四千余戸が有り、浜と山と海に住み分けている。
 草や木が繁茂し、歩いていても前の人が見えないくらいである。
 好んで魚を捉え、水が深いところでも浅いところでも、皆潜ってこれらを採集する。

『東南陸行五百里、到伊都國。官曰爾支、副曰泄謨觚、柄渠觚。有千餘戸。世有王、皆統屬女王國。郡使往來、常所駐』
 東南方向に進みはじめて五百里ほど陸行して伊都国(糸島市)に到着した。
 ここの長官を爾支(ニシ)と言い、副官を泄謨觚(セモコ)・柄渠觚(ヘイキョコ)と言う。
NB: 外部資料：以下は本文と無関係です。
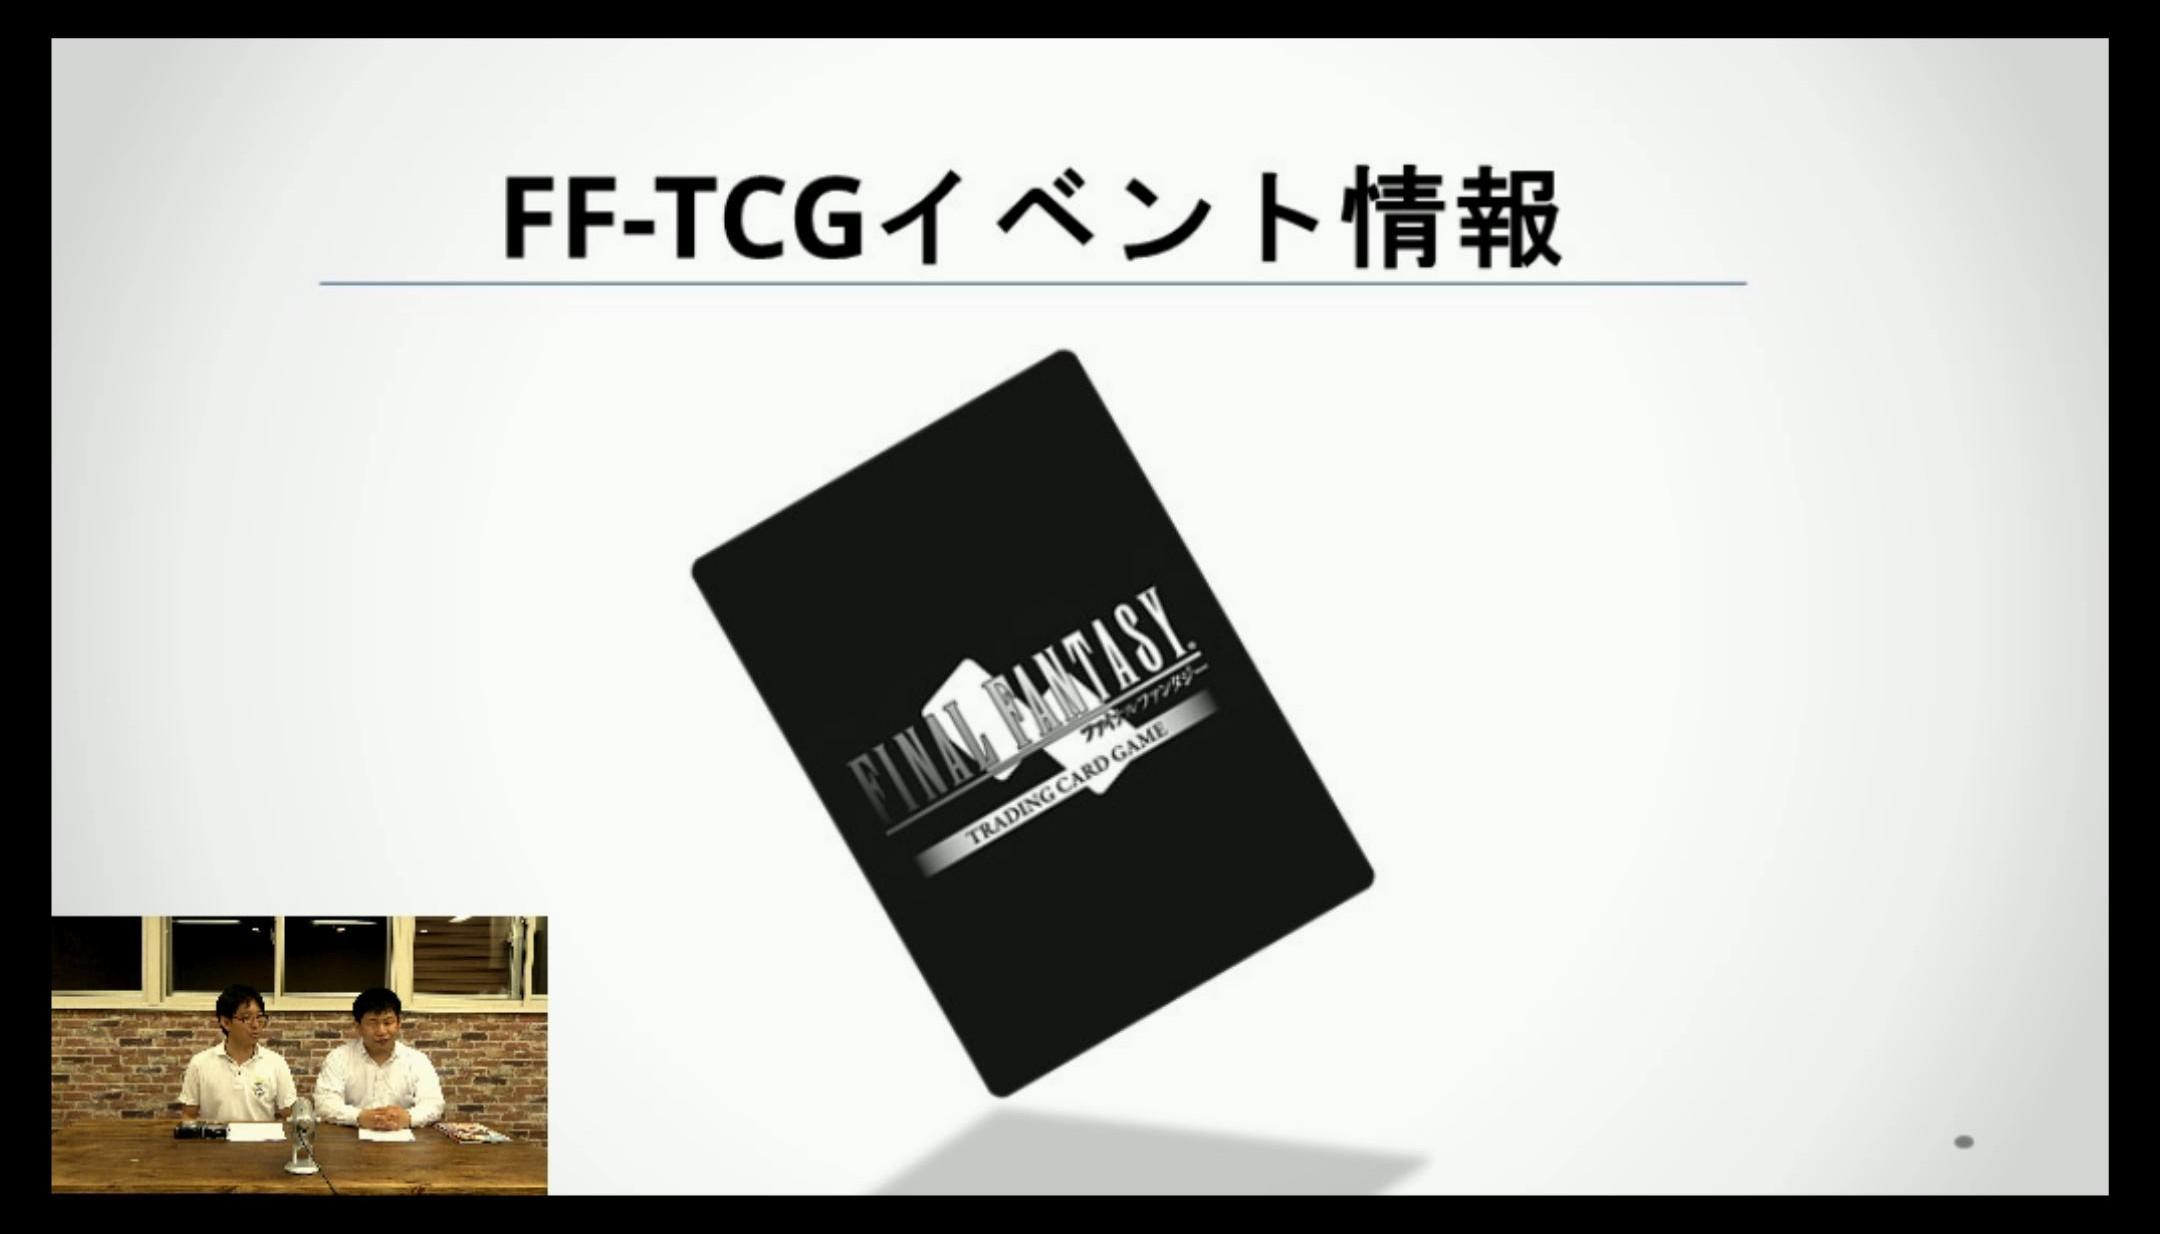 fftcg-live-170531-004.jpg

 千余戸が有り、代々王が居る。この国は昔から女王国に統属していた。
 郡使が倭国を訪問するとき、常に駐在することが慣例になった国である。
 
『東南至奴國、百里。官曰兕馬觚、副曰卑奴母離。有二萬餘戸。東行至不彌國、百里。官曰多摸、副曰卑奴母離。有千餘家。南至投馬國。水行二十日。官曰彌彌、副曰彌彌那利、可五萬餘戸。南至邪馬壹國。女王之所都。水行十日、陸行一月。官有伊支馬、次曰彌馬升、次曰彌馬獲支、次曰奴佳鞮。可七萬餘戸』
 東南方向に百里程の距離に奴国(福岡市早良区南部)有るという(「行」という動詞がないので、実際は行っていない)
 その長官を兕馬觚(シマコ)と言い、副官を卑奴母離と言う。二万余戸ほど有るという。
 東の方向に百里も行くと不彌国に到着した。
 長官を多摸(タモ)と言い、副官を卑奴母離と言う。千余家が有る。
 南の方向に投馬(トウマ)(奄美か沖縄)有るという。そこに行くには水上航行で二十日かかるという。(「行」という動詞がないので、実際は行っていない)
 その長官を彌彌(ミミ)と言い、副官を彌彌那利(ミミナリ)と言う。五万余戸程有るらしい。
 (不彌国から)南面すれば、即ち、邪馬壹国(ヤマイ、ヤマタイではない)に到着。女王の都する所である。
 (これまでの旅の行程を帯方郡から数えれば)水上航行十日間、陸上行程一ケ月である。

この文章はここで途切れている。